Brownridge opened with her trademark Appassionata, and despite the immediate length and difficulty of the work, her ability to convey melodic lines across long paragraphs and to make the piano sing were apparent. If the slow movement lacked the last degree of intensity, it was well structured and a real pleasure to listen to. However, what appeared to be a wrong turning in the finale seemed to disconcert Brownridge, who then lapsed in concentration.

Thereafter, Brownridge never truly recovered her composure. The trio sections of the Brahms and Chopin pieces were played with great beauty and genuine Innigkeit but, in the outer sections, wrong notes and sense of unease were distracting.

Brownridge is giving a series of recitals to celebrate what would have been the 75th-birthday of the late Kenneth Leighton, like Brownridge, from Yorkshire. Her engagement with his work was clear, the clarity of the polyphony admirable.

Schumann’s Etudes symphoniques is one of his grandest and most virtuosic works, Brownridge’s rapt account of the theme an appropriate beginning. But again, in the denser textures, there was a certain muddiness in the middle register and a tightness.
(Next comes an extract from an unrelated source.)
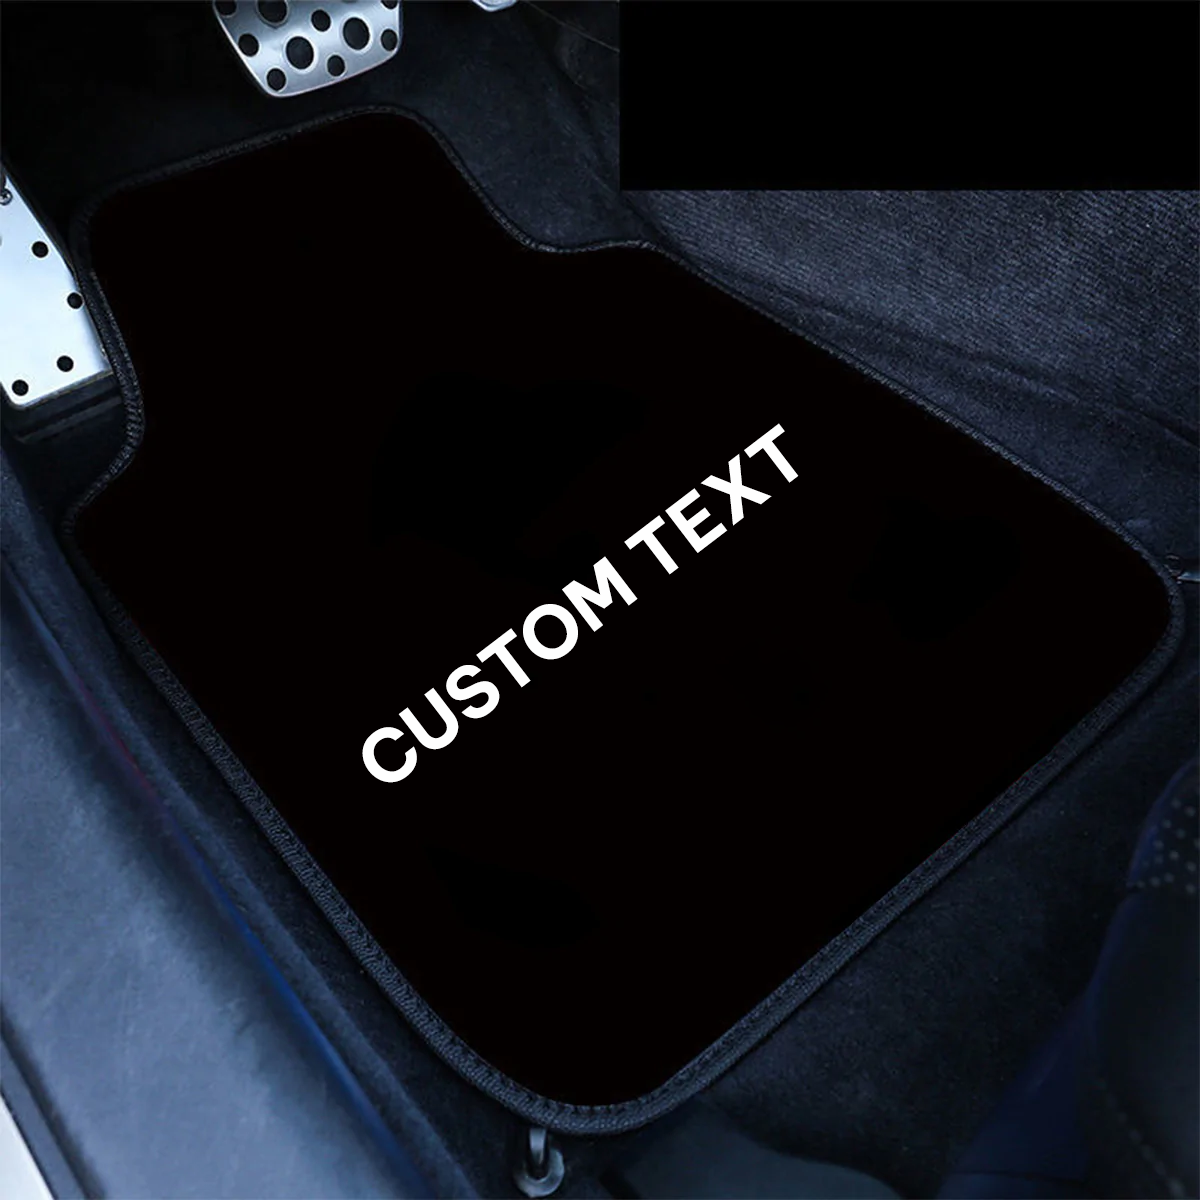 Custom Text For Carpet Floor Mats Set of 4pcs, Compatible with All Cars, Fit Car Floor Mats, All Weather Protection, Universal Type IN13984

It must be said that the artist’s biography, equating Brownridge to Jacqueline du Pré, Cherkassky and Cortot, was hubristic in its claims. Yes, Brownridge is extremely musical, and yes, her playing is reminiscent of an earlier, freer age. But other than Cortot’s well-known reputation for wrong notes in live performance, it did our heroine no favours to be spoken of in the same breath as these legends.